On Fri, 07 Apr 2023 13:16:59 +0900 (JST)
Tatsuo Ishii <ishii@xxxxxxxxxxxx> wrote:

> >> > But, I heard PgPool is still affected by Split brain syndrome.    
> >> 
> >> Can you elaborate more? If more than 3 pgpool watchdog nodes (the
> >> number of nodes must be odd) are configured, a split brain can be
> >> avoided.  
> > 
> > Split brain is a hard situation to avoid. I suppose OP is talking about
> > PostgreSQL split brain situation. I'm not sure how PgPool's watchdog would
> > avoid that.  
> 
> Ok, "split brain" means here that there are two or more PostgreSQL
> primary serves exist.
> 
> Pgpool-II's watchdog has a feature called "quorum failover" to avoid
> the situation. To make this work, you need to configure 3 or more
> Pgpool-II nodes. Suppose they are w0, w1 and w2. Also suppose there
> are two PostgreSQL servers pg0 (primary) and pg1 (standby). The goal
> is to avoid that both pg0 and pg1 become primary servers.
> 
> Pgpool-II periodically monitors PostgreSQL healthiness by checking
> whether it can reach to the PostgreSQL servers. Suppose w0 and w1
> detect that pg0 is healthy but pg1 is not, while w2 thinks oppositely,
> i.e. pg0 is unhealthy but pg1 is healthy (this could happen if w0, w1,
> pg0 are in a network A, but w2 and pg1 in different network B. A and B
> cannot reach each other).
> 
> In this situation if w2 promotes pg1 because w0 seems to be down, then
> the system ends up with two primary servers: split brain.
> 
> With quorum failover is enabled, w0, w1, and w2 communicate each other
> to vote who is correct (if it cannot communicate, it regards other
> watchdog is down). In the case above w0 and w1 are majority and will
> win. Thus w0 and w1 just detach pg1 and keep on using pg0 as the
> primary. On the other hand, since wg2 looses, and it gives up
> promoting pg1, thus the split brain is avoided.
> 
> Note that in the configuration above, clients access the cluster via
> VIP. VIP is always controlled by majority watchdog, clients will not
> access pg1 because it is set to down status by w0 and w1.
> 
> > To avoid split brain, you need to implement a combinaison of quorum and
> > (self-)fencing.
> > 
> > Patroni quorum is in the DCS's hands. Patroni's self-fencing can be achieved
> > with the (hardware) watchdog. You can also implement node fencing through
> > the "pre_promote" script to fence the old primary node before promoting the
> > new one.
> > 
> > If you need HA with a high level of anti-split-brain security, you'll not be
> > able to avoid some sort of fencing, no matter what.
> > 
> > Good luck.  
> 
> Well, if you define fencing as STONITH (Shoot The Other Node in the
> Head), Pgpool-II does not have the feature.

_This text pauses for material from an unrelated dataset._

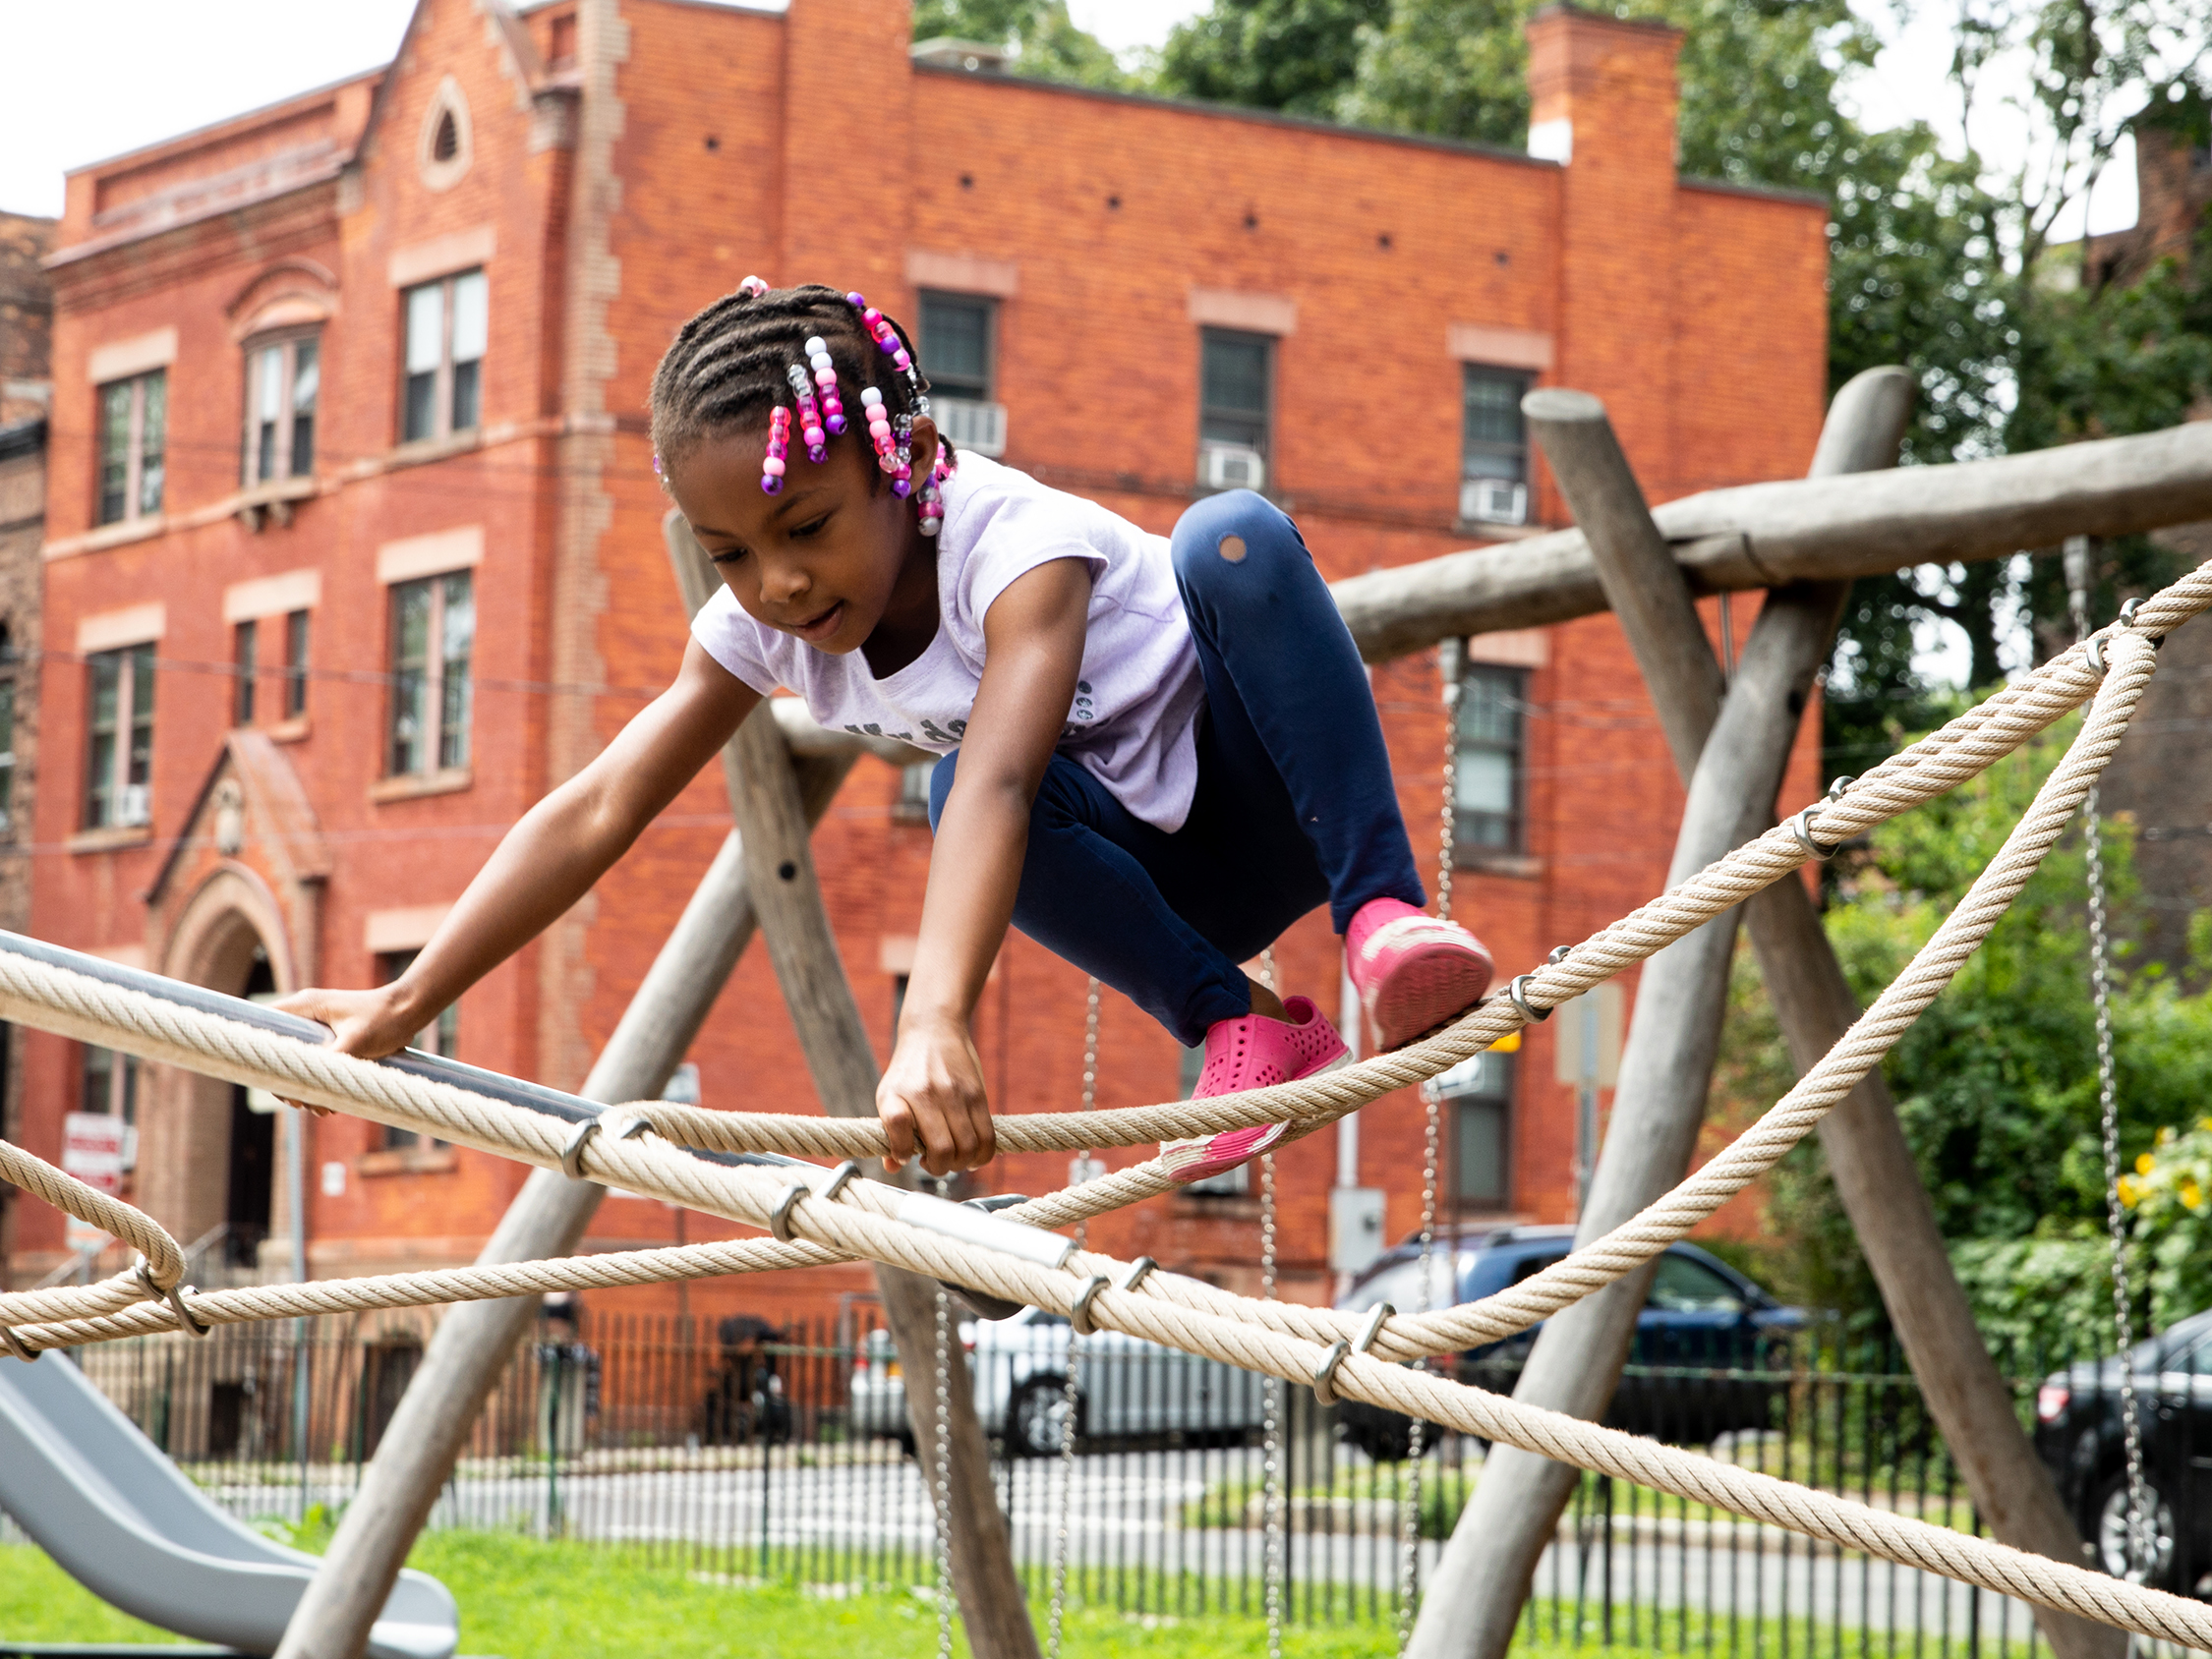 Race, Geographic Disparities in Childhood Wellness Opportunity

And I believe that's part of what Cen was complaining about:

«
  It is basically a daemon glued together with scripts for which you are 
  entirely responsible for. Any small mistake in failover scripts and 
  cluster enters  a broken state.
»

If you want to build something clean, including fencing, you'll have to
handle/dev it by yourself in scripts

> However I am not sure STONITH is always mandatory.

Sure, it really depend on how much risky you can go and how much complexity you
can afford. Some cluster can leave with a 10 minute split brain where some other
can not survive a 5s split brain.

> I think that depends what you want to avoid using fencing. If the purpose is
> to avoid having two primary servers at the same time, Pgpool-II achieve that
> as described above.

How could you be so sure?

See https://www.alteeve.com/w/The_2-Node_Myth

«
  * Quorum is a tool for when things are working predictably
  * Fencing is a tool for when things go wrong
»

Regards,